2. **download_toolzu()** (line ~1134)
   - Service name: `'toolzu'`
   - Common errors: Cloudflare, rate limits

3. **download_snapchat()** (line ~1320)
   - Service name: `'snapchat'`
   - Common errors: Cloudflare, timeouts

4. **download_tiktok()** (line ~1364)
   - Service name: `'tiktok'`
   - Common errors: Rate limits, geo-blocks

5. **download_forums()** (line ~1442)
   - Service name: `'forums'`
   - Common errors: Authentication, Cloudflare

## Testing

### Manual Testing (No Monitoring)

```bash
# Manual runs don't trigger monitoring
sudo media-downloader --platform snapchat
# Health monitor inactive - no tracking
```

### Scheduler Testing (With Monitoring)

```bash
# Start scheduler (monitoring active)
sudo systemctl start media-downloader

# Check health state
cat /opt/media-downloader/database/service_health.json

# Check logs for monitoring activity
tail -f /opt/media-downloader/logs/*.log | grep "Service health"
```

### Simulate Failure

1. Stop FlareSolverr: `docker stop flaresolverr`
2. Run scheduler - service will fail
3. Check after 3 failures - notification should be sent
4. Check cooldown - no notification for 24 hours
5. Start FlareSolverr: `docker start flaresolverr`
6. Run scheduler - service recovers, counter resets

## Benefits

✅ **Early Warning** - Know immediately when services are stuck
✅ **No Spam** - Single daily notification per service
✅ **Actionable** - Shows specific failure reason
✅ **Auto-Recovery** - Stops alerting when fixed
✅ **Historical Data** - Track failure/success patterns
✅ **Granular Control** - Enable/disable per service

## Troubleshooting

**Not receiving notifications:**
- Check `service_monitoring.enabled` is `true`
- Check service-specific `monitor` and `notify` settings
- Verify Pushover credentials in config
- Confirm running in scheduler mode (not manual)

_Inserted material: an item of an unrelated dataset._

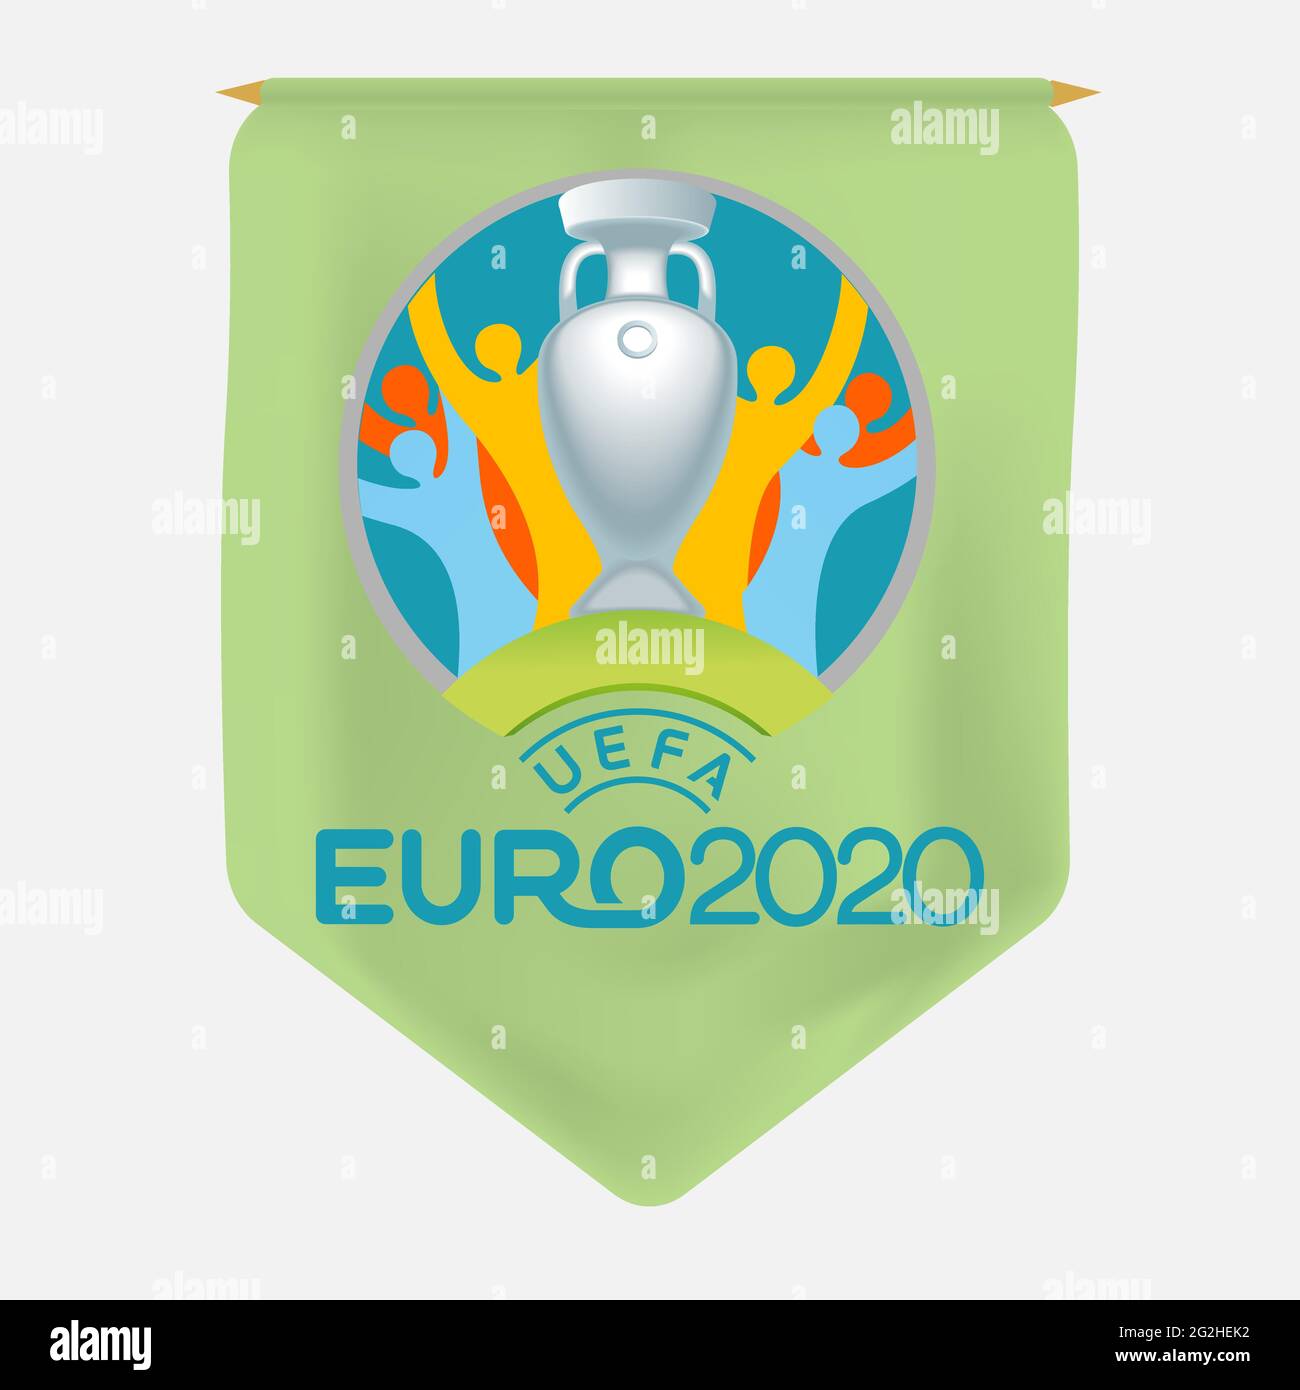 EURO 2020 UEFA European Championship logo set. Stock Vector

**Too many notifications:**
- Increase `notification_cooldown_hours`
- Increase `failure_threshold`
- Disable specific services with `notify: false`

**Service marked stuck incorrectly:**
- Increase `failure_threshold` (default: 3)
- Check if service is actually failing
- Review failure logs

**Reset service state:**
```python
from modules.service_health_monitor import ServiceHealthMonitor
monitor = ServiceHealthMonitor()
monitor.reset_service('fastdl')
```

## Future Enhancements

- Web dashboard showing service health
- Daily digest emails/notifications
- Success rate metrics
- Escalation after extended downtime
- Integration with monitoring tools (Grafana, etc.)